暮れに三国に到着した一行は、すぐに坂中井の首長の館に迎えられ、堅楲君からも労わりの言葉をかけられ、ともに暮らすことを勧められたが、振媛は道中で考えてきた通り、本家と距離を置いた地で自らの手で男大迹を育てたいと思い、「母のゆかりのある高向に住みたいと存じます。どうかお許しを……」と堅楲君に願いを通し、正月早々、帰国時の従者の内で主だったものを供にして、高向に移っていった。
本拠の坂中井とは一定の距離を置いた生活を続けていたが、堅楲君の計らいであろうか、支族の三ミ尾オノ角ツヌ折オリの長からの厚い支援もあり、特に暮らしぶりに困ることもなく日々を過ごしていた。
次の年の正月、振媛は五歳を迎えた男大迹を連れて久しぶりに坂中井を訪れ、三尾の首長である堅楲君をはじめ主だった親族に新年の挨拶を済ませ、元日の一日を少なからず気兼ねしながら過ごした。
男大迹といえば、広い館と大勢の人の中でいつになく落ち着きのない表情をしていたが、それでも嬉しそうにあちこちと動き回っている。広間の脇の控えの間を覗くと、男大迹より少し年上らしい男の子が、妹と見える二、三歳の幼子の前で何かをして遊んでいる。

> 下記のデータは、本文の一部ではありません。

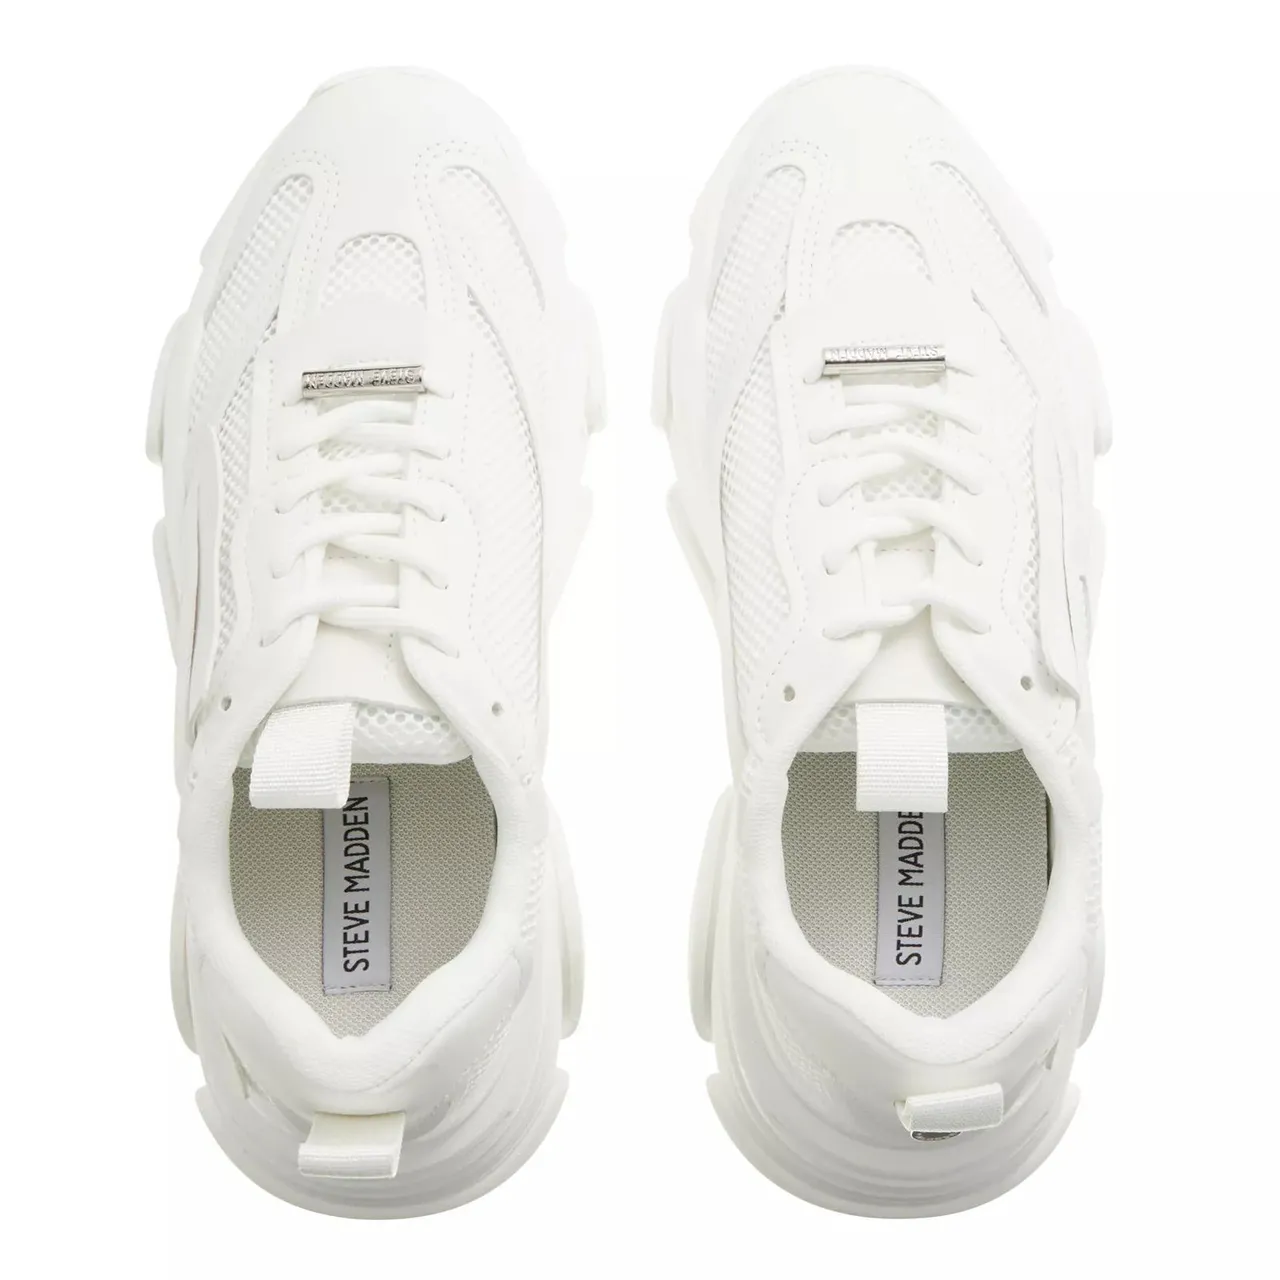 Steve Madden Sneakers - Possession-E - white - Sneakers for ladies

先ほど年賀の挨拶をした際、首長の横にいた長男で後取りの堅夫であった。
普段、高向では同年輩の子供と触れ合うことはなく、ともに遊びたいと思い部屋に入った。
堅夫が手にしていたのはこぶし大の木を紡錘型に削って先に円い棒の柄を付けたもので、その柄を手でひねれば床の上でしばらく回っている。高句麗から任那を経て伝わった玩具ゆえ「コマ(高麗)」と言われている。
堅夫の膝の前には色違いの物が三個ほど転がっており、男大迹も同じように遊ぼうと、堅夫に笑顔で会釈しながらコマを手に取ろうとしたところ、
「吾のものに触るな、太杜。高向のよそ者は近寄るな。さがれ!」
ときつい言葉を発した。堅夫は大柄の男大迹とほぼ同じ体格だが二つ年上の七歳になる。気の強い性格で首長の長子であるという立場がそうさせているのか周りに対し少しわがままである。
堅夫の叱責に男大迹は一瞬戸惑うが、仕方なく鼻に指を添えながら部屋を出て母のもとに戻った。ただ、ともに遊びたいという子供ながらの想いは残ったままであった。